━━━━━ Source records

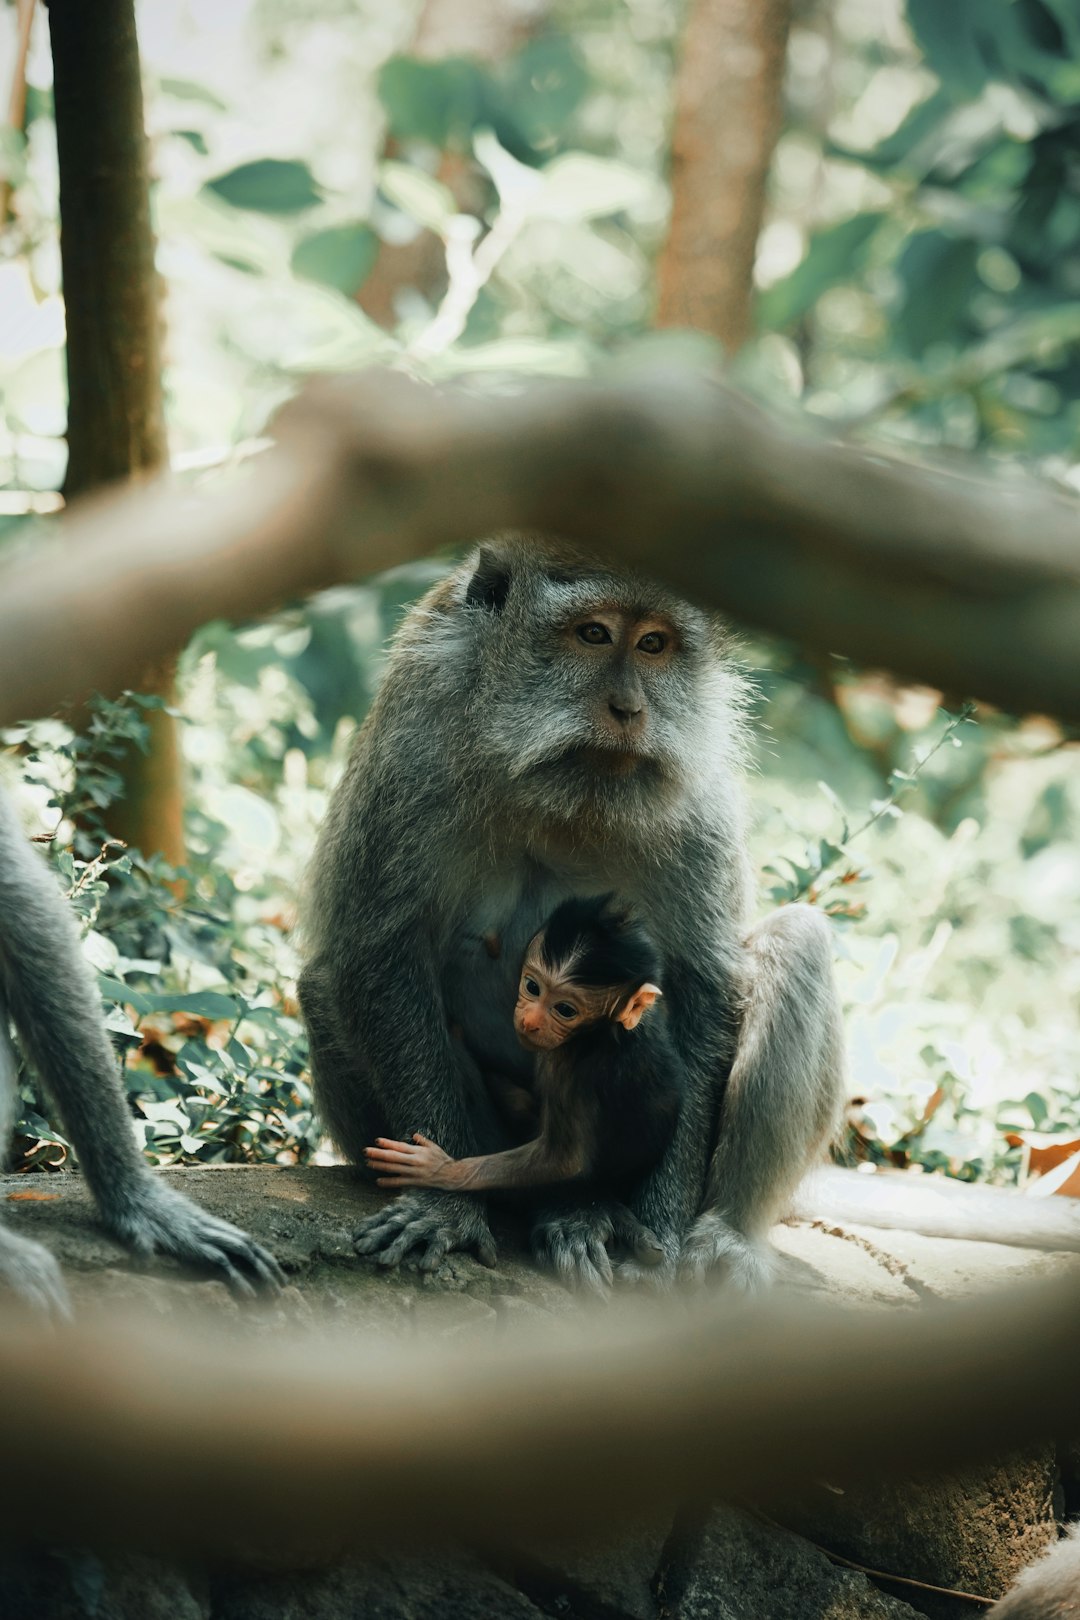 monkey holding on to a baby monkey
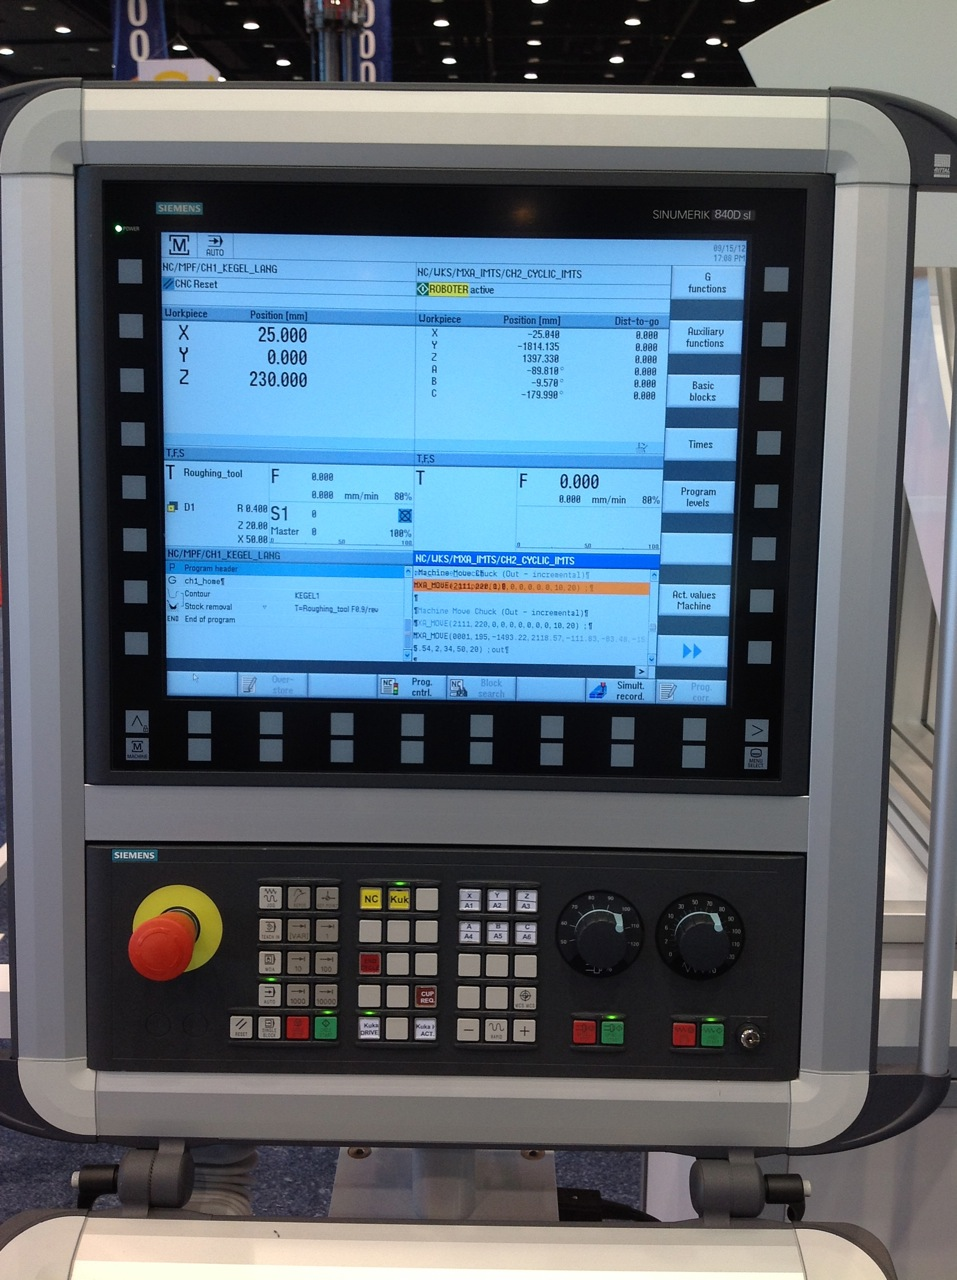 CNC machine tool's display screen
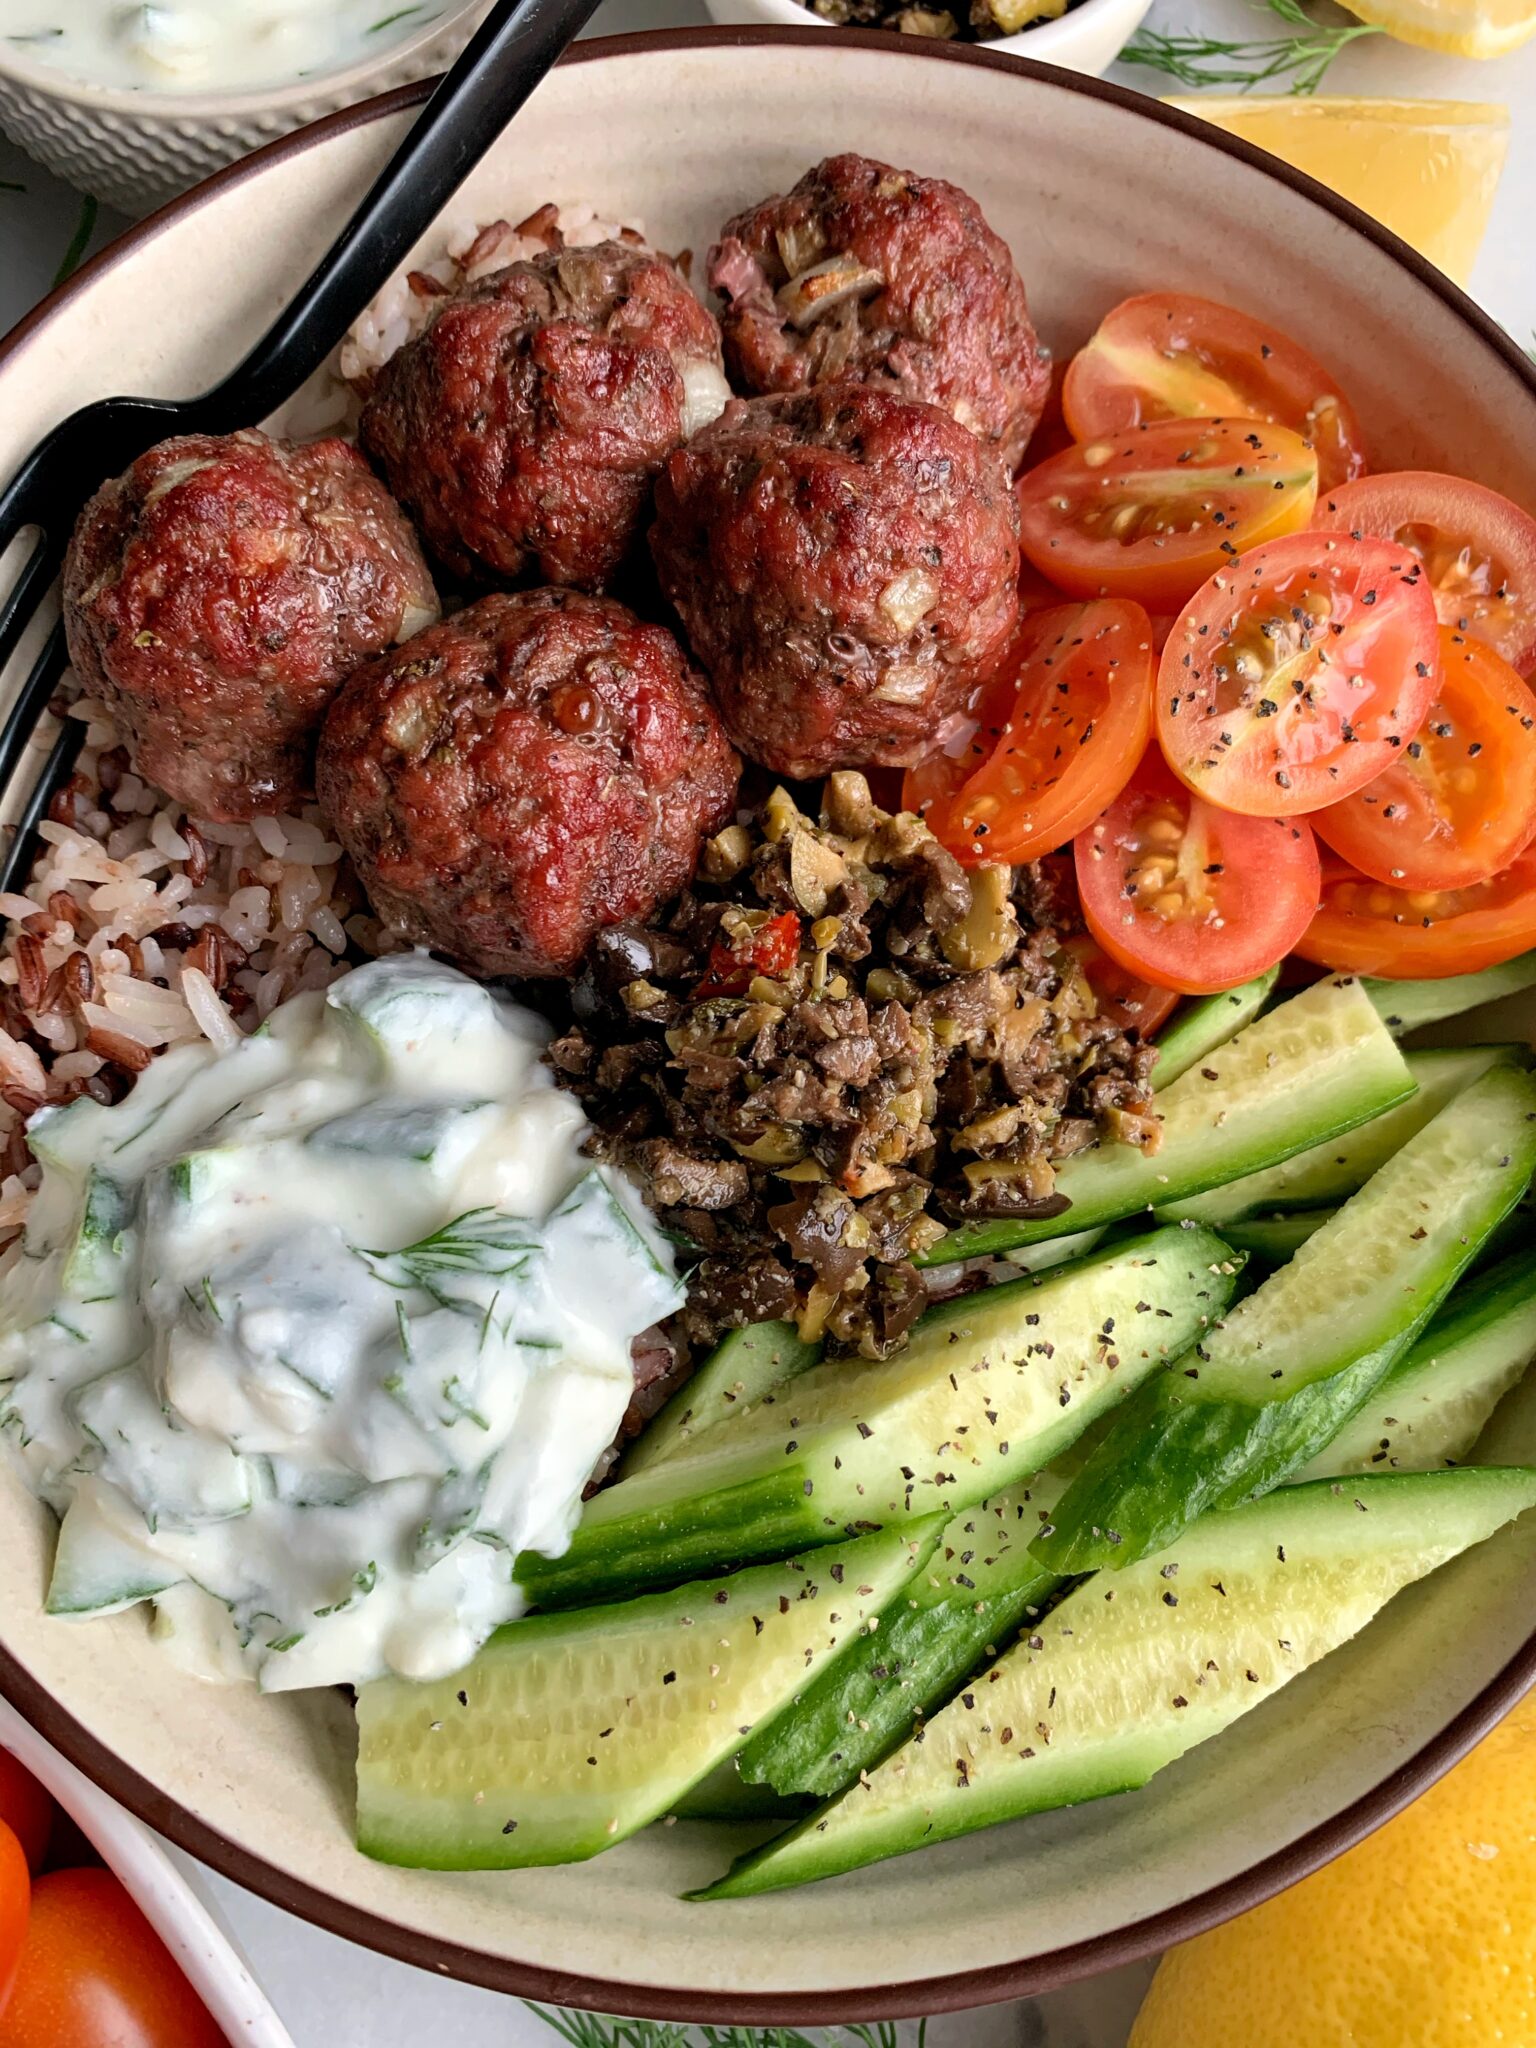 30-minute Healthy Greek Meatballs with Tzatziki Sauce - rachLmansfield
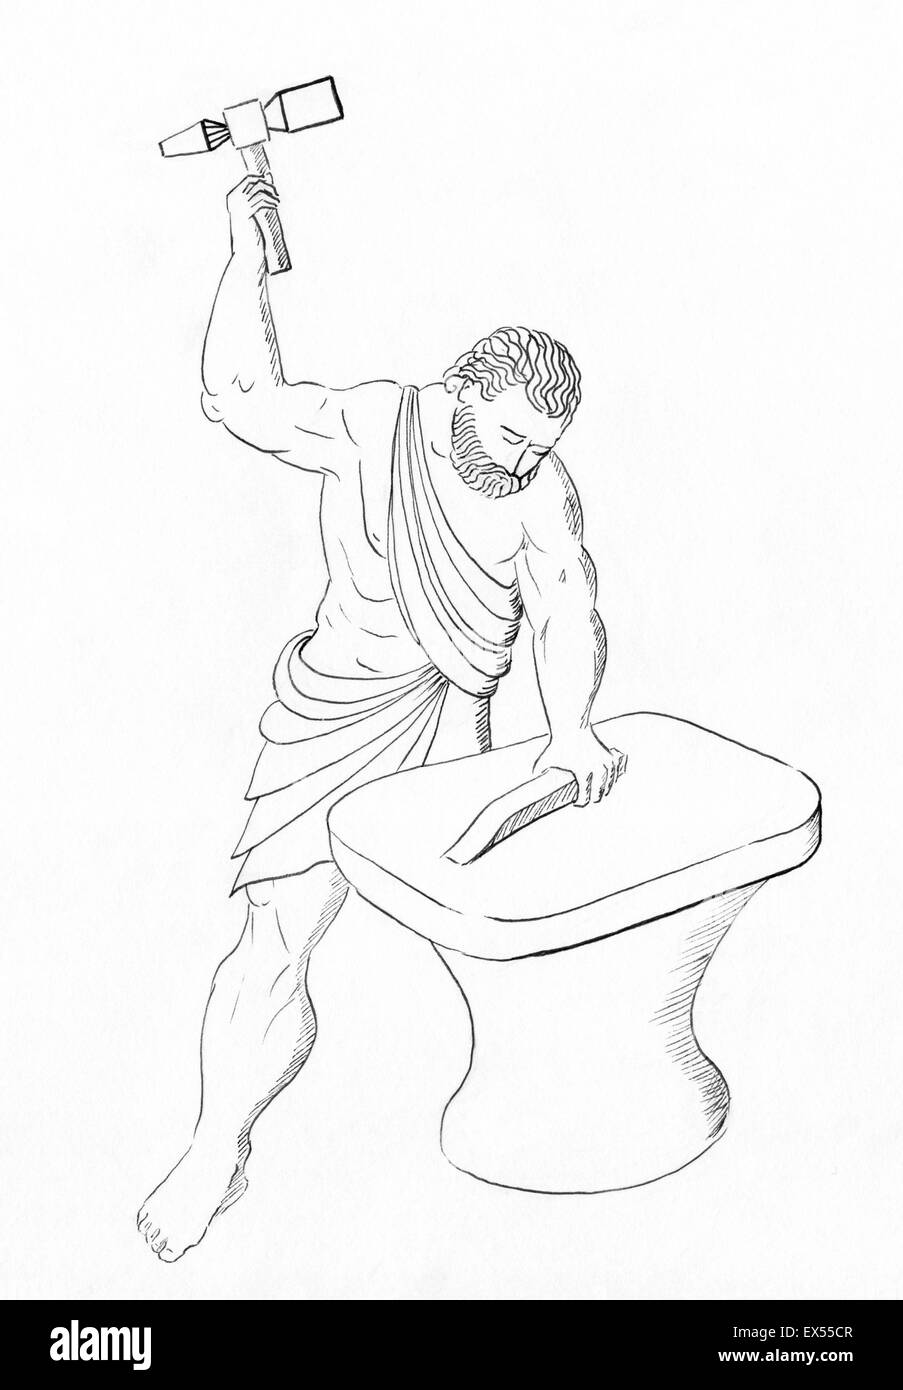 Line drawing of Hephaestus, Vulcan, greek roman god of fire. Stock Photo
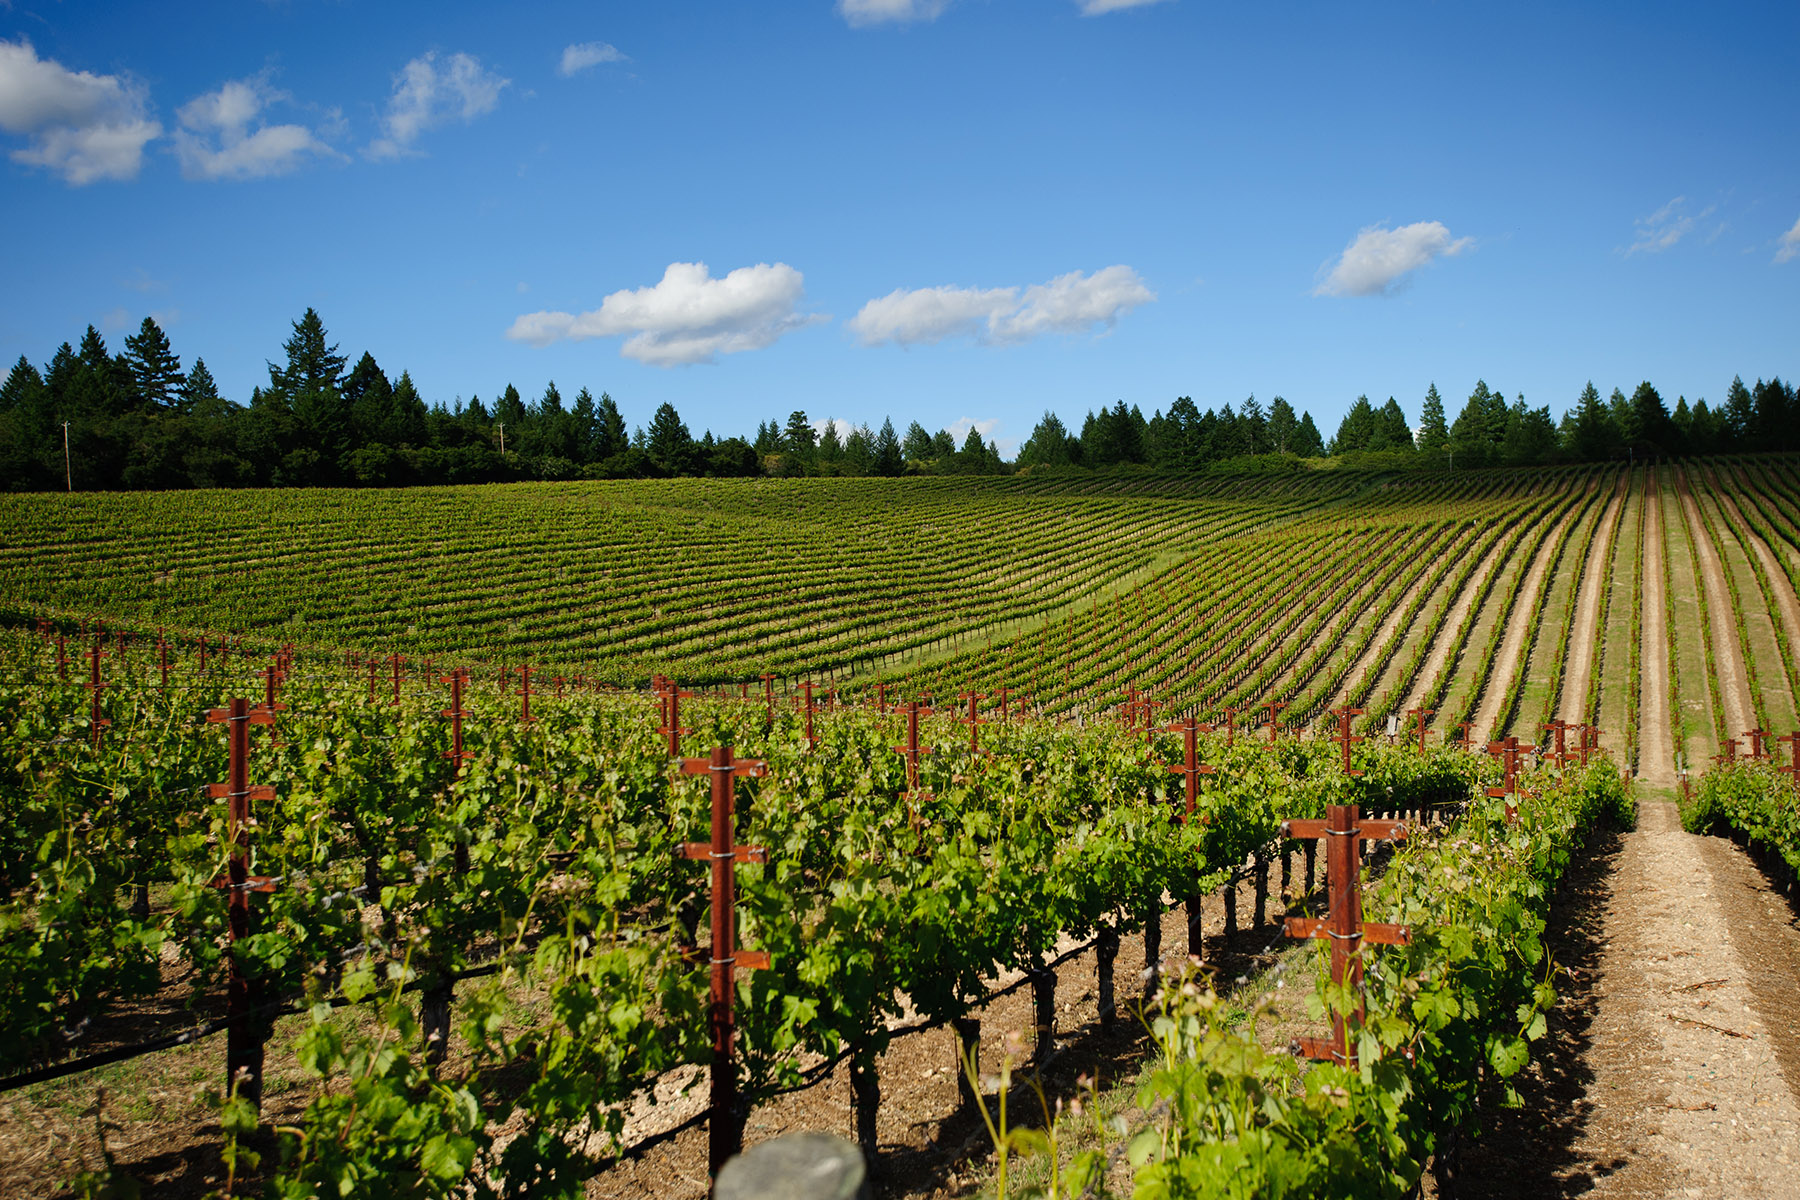 Northern California vineyards

━━━━━━━━━━

* Task goal: Exactly the lines from the line with "30-minute Healthy Greek" through the end of the data are to be reproduced, and no picture is to be included.

* Answer to this task:
 30-minute Healthy Greek Meatballs with Tzatziki Sauce - rachLmansfield
 Line drawing of Hephaestus, Vulcan, greek roman god of fire. Stock Photo
 Northern California vineyards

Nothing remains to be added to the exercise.